There is tension in the late evening when the head of the ranchers pays visit to the homestead. "Look Starrett. When I come to this country you weren't much older than your boy there........ How would you like to go partners with me." It's sad because this is a real if clumsy attempt to "be reasonable" But as Shane would say on more than one occasion, "it's no use".
I could go on; the murder of the Stonewall at the hands of an especially evil hired gun from Cheyenne has great impact. And, the final confrontation at Graftons one fateful night, is one of the best in Westerns.
The characters are well developed and the story, while exiting, is a little melancholy.
The best Western ever made.
A lonesome stranger rides on to a homesteader's farm looking for water
and right after him comes the big cattle baron with several riders
issuing the latest of several warning to this particular squatter about
getting off 'his' range. Something about the man's bullying attitude
rubs the stranger the wrong way and he decides to stay and lend a hand.
So begins the classic western Shane which has entertained millions since its release in 1953. It gave Alan Ladd his career role and resulted in Oscar nominations for Jack Palance and Brandon DeWilde in the Best Supporting Actor category. It could have revived Alan Ladd's career, but for a fatal career decision by his agent/wife Sue Carol.
Shane was shot in 1951 completely on location in the Grand Teton mountains in Wyoming. Another reviewer pointed out that director George Stevens seem to meticulously shoot the same scene from many angles. He did just that and spent a year editing his masterpiece.

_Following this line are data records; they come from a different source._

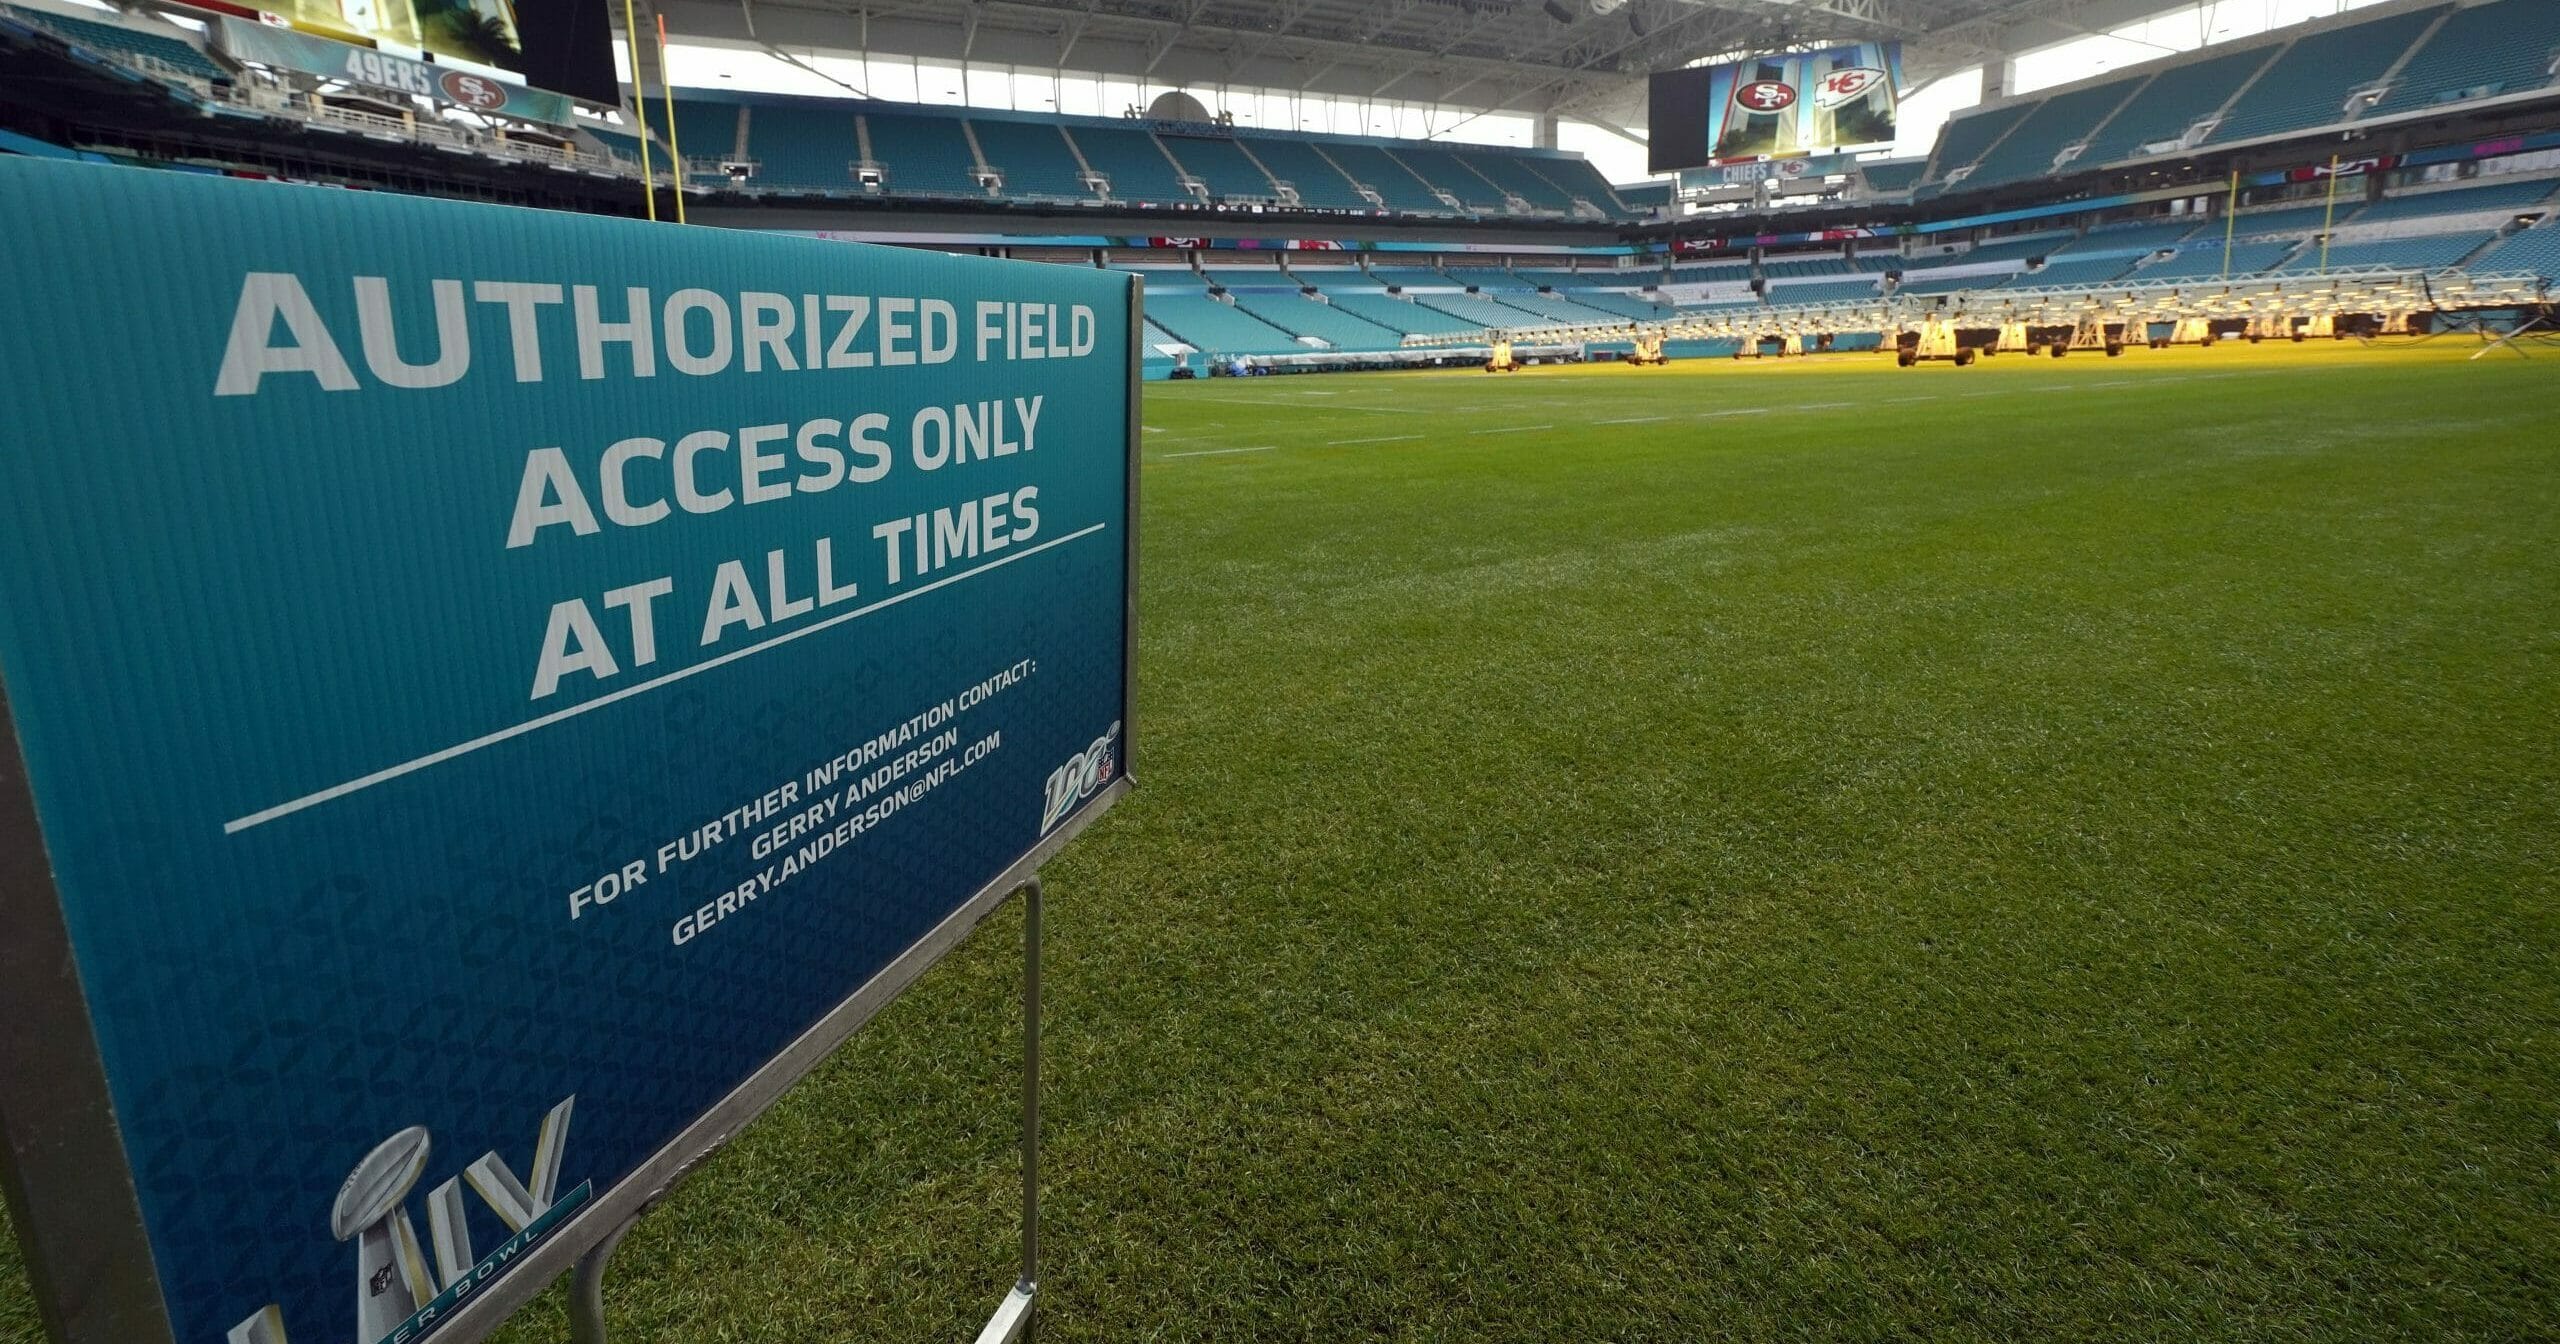 Hard Rock Stadium is shown during a tour for the media on Jan. 28, 2020, in Miami Gardens, Florida, in preparation for the NFL Super Bowl LIV football game.
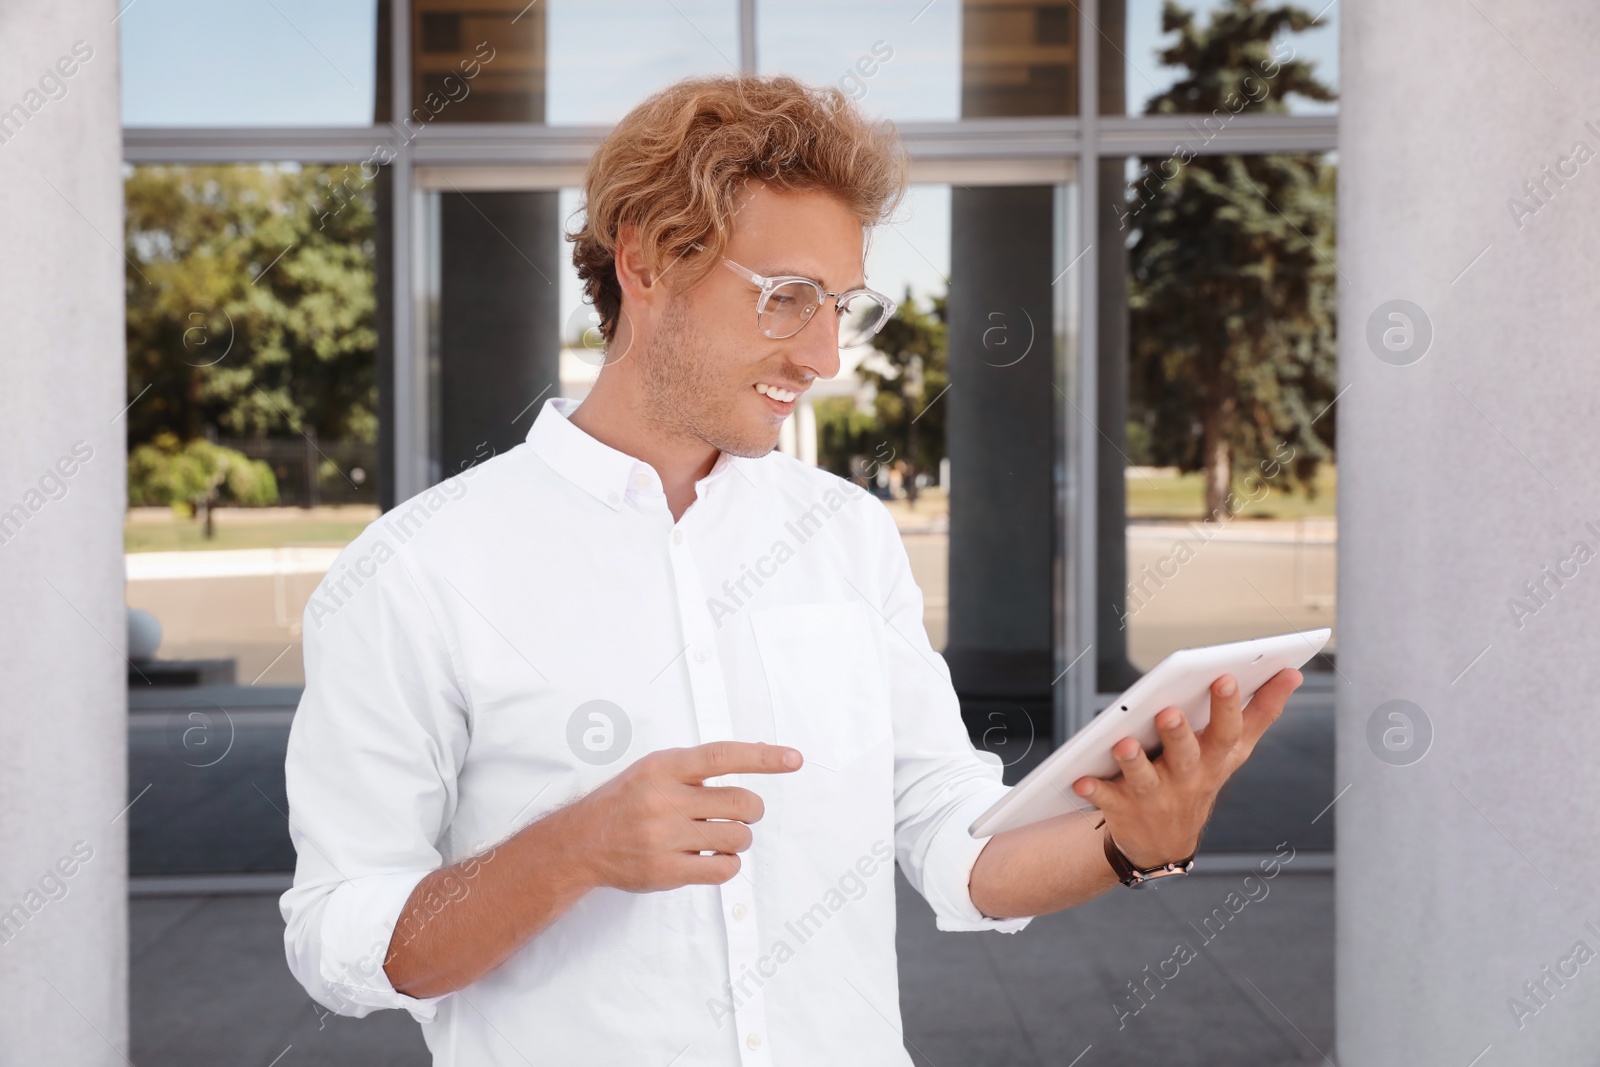 Photo of Male real estate agent with tablet outdoors
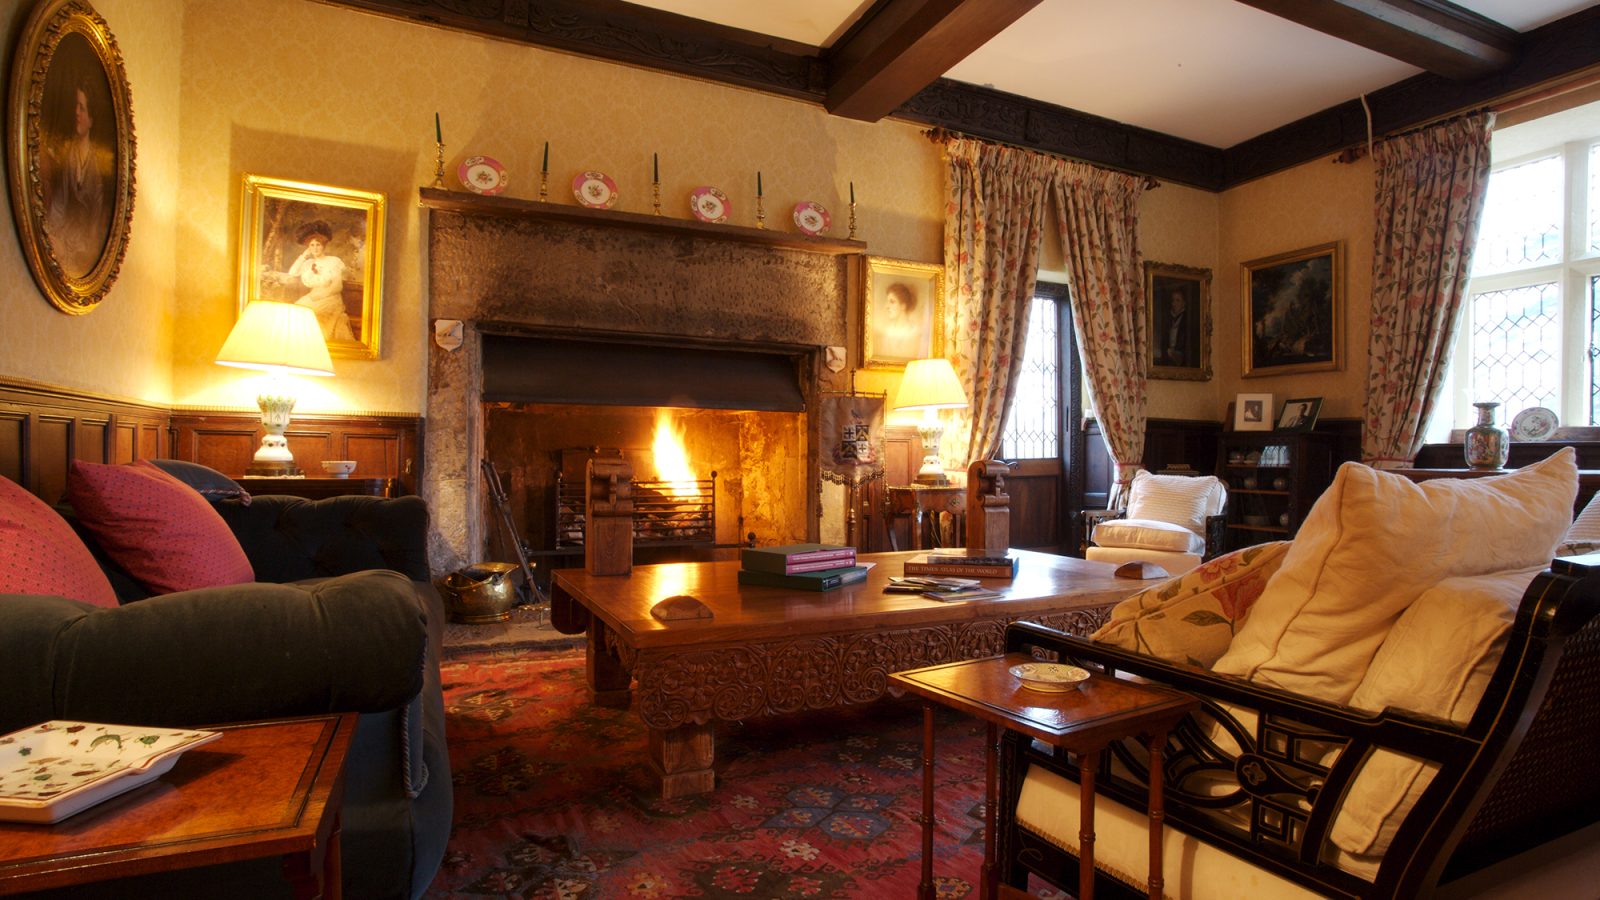  The Jacobean Hall - kate & tom's Large Holiday Homes
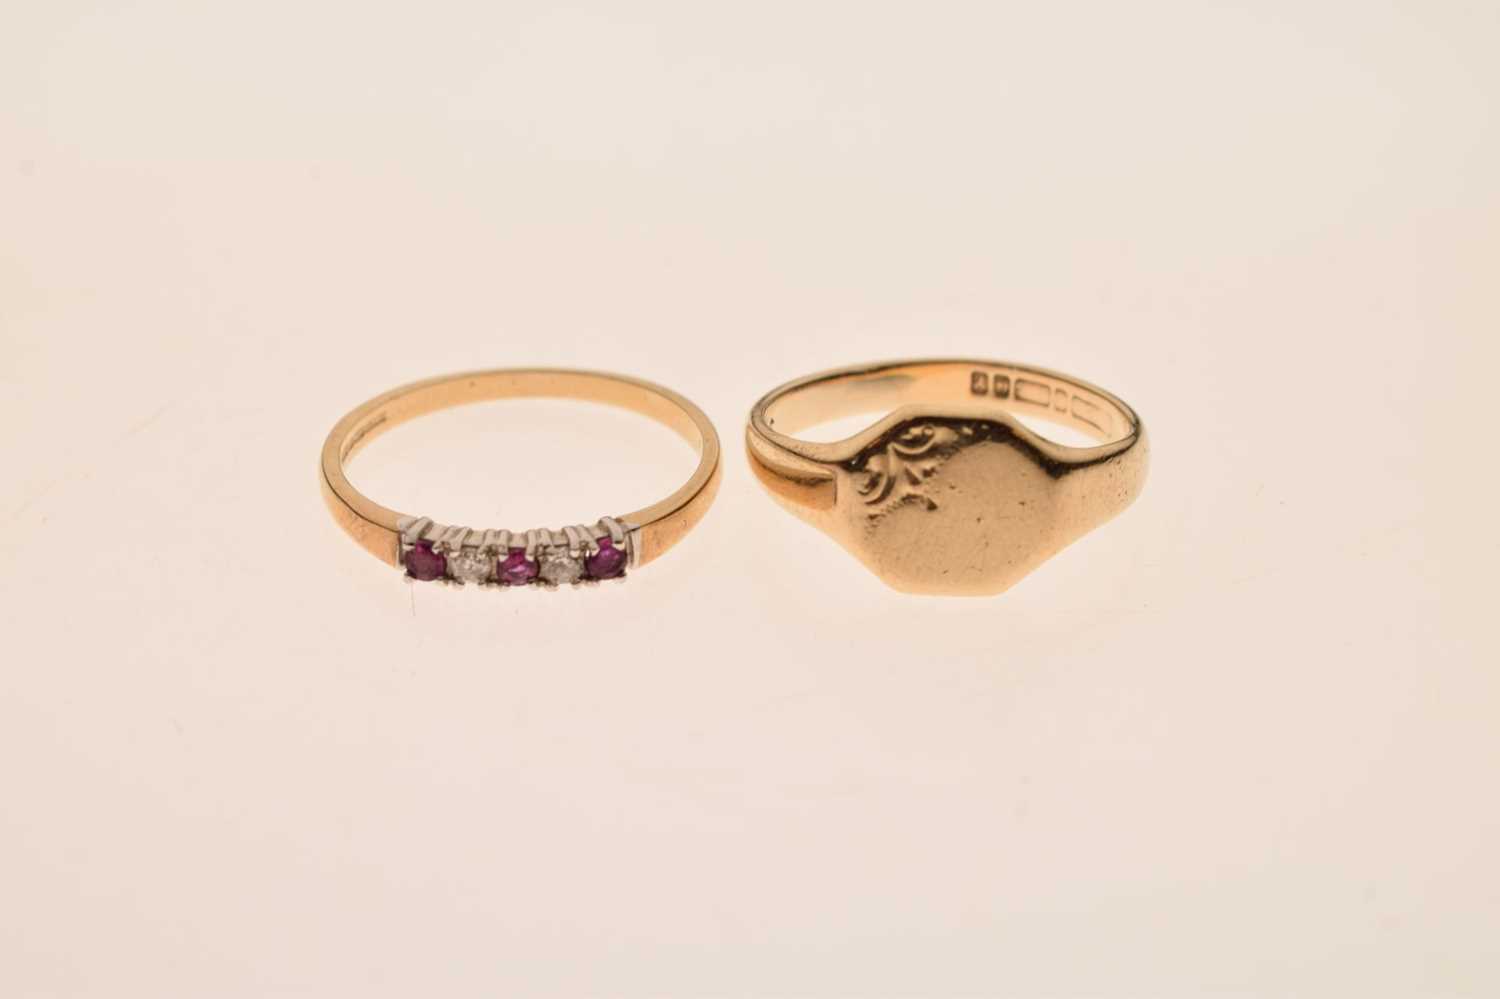 9ct gold ruby and diamond five-stone half eternity ring, and a 9ct gold signet ring - Image 6 of 6
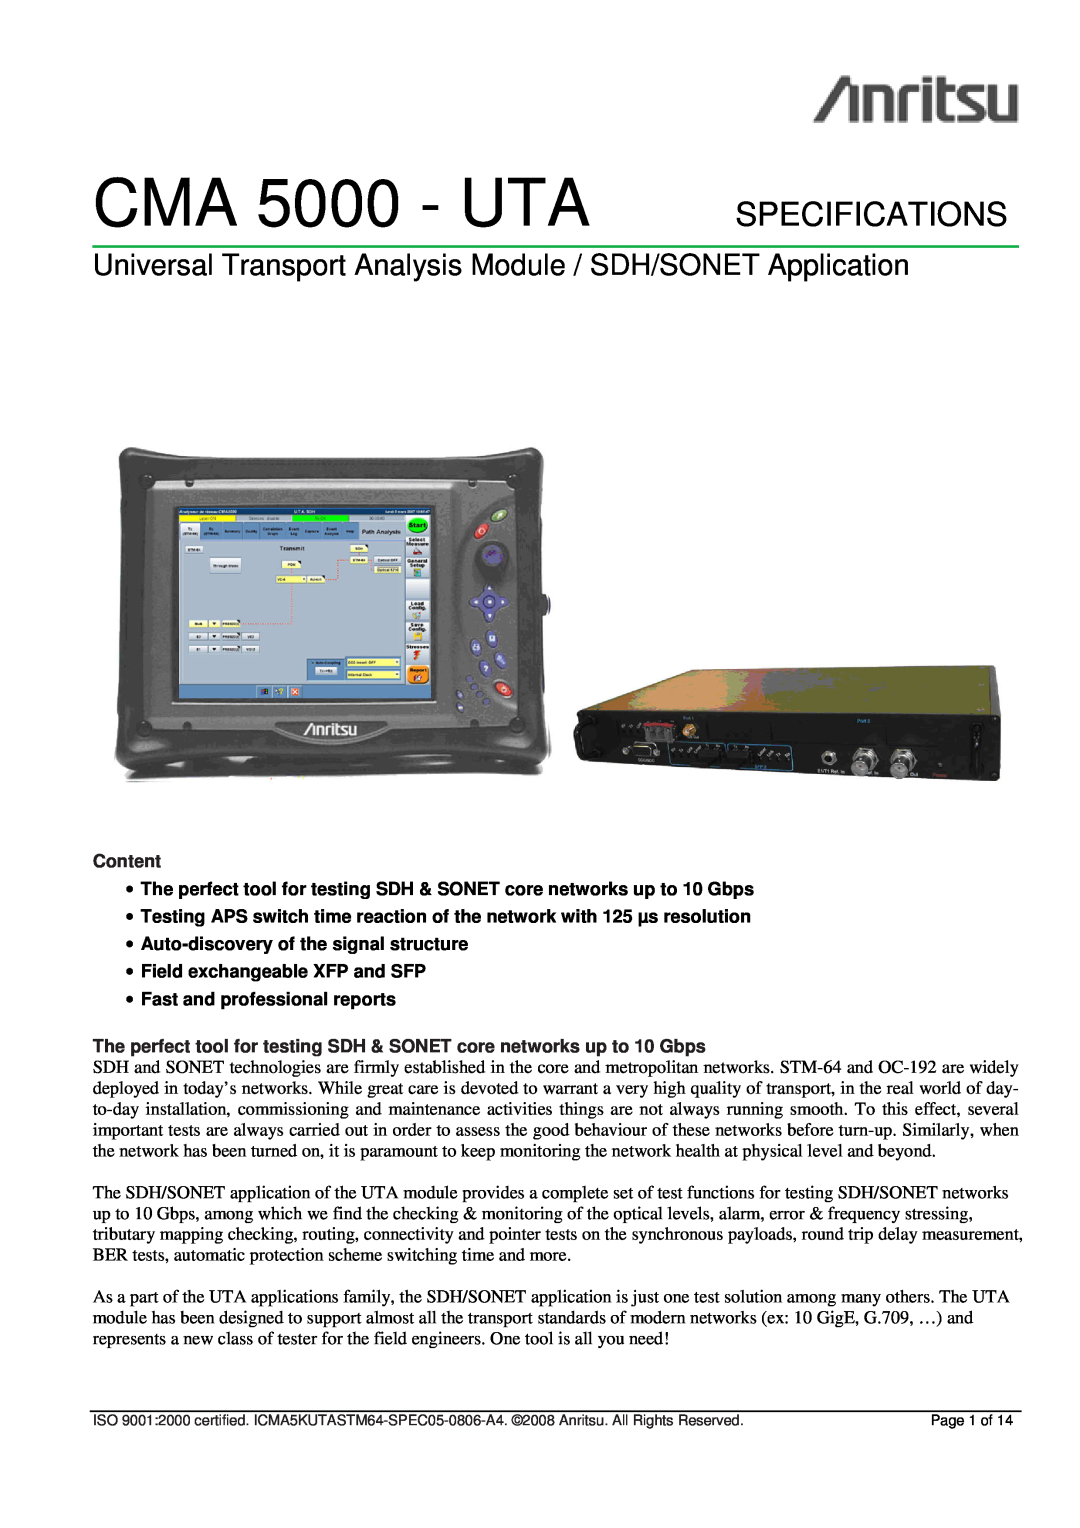 Anritsu CMA 5000 - UTA specifications Content, Auto-discoveryof the signal structure, Field exchangeable XFP and SFP

But in the mean time Sue Carol made a decision for her husband to leave Paramount and sign with Warner Brothers. Had she held out and waited for Shane's release, she might have gotten a great deal from Paramount that might have included better parts. As it was Paramount had no reason to push this film at Oscar time, so Ladd got no nomination for Best Actor which he could have with some studio backing. By the time Shane was out, Ladd was with Warner Brothers and doing some of the same routine action adventures films that he was doing at Paramount. No classic roles for that man any more.
The rancher versus homesteader is an old western plot story and there have been many films made from both points of view. Shane leaves no doubt that the homesteaders are in the right. The cattleman's point of view is eloquently argued in Elia Kazan's Sea of Grass by Spencer Tracy. That western icon John Wayne's been on both sides of the fence, in McLintock he's a cattle baron, in The Man Who Shot Liberty Valance he's a small rancher and protector of the homesteader.
Even Emile Meyer as Rufe Ryker does make a valid point that his kind settled the west when it was really wild. Van Heflin as Joe Starrett argues equally eloquently that doesn't give him the right to say no one else has any rights in the territory.
Shane marked the farewell big screen performance of Jean Arthur. A talented, but terribly strange woman with a whole lot of issues, Arthur delivers a good performance as Van Heflin's missus. She felt she was miscast as a farmer's wife, in westerns she saw herself more in the frontier woman roles she did in The Plainsman and Arizona. And at that she much preferred screwball comedy to any western. They weren't making her kind of films any more as she saw it, so she left.
When Shane's done doing what fate brought him to do in the valley he has to leave. For the community to grow there must be no more guns in the valley as he well realizes. So he leaves to an unknown fate, living in the hearts and memories of the Starrett family and the rest of the small farmers, especially young Brandon DeWilde.
And in the hearts of all lovers of the western genre including this little cowpoke who saw him as a small lad on the big silver screen so many years ago.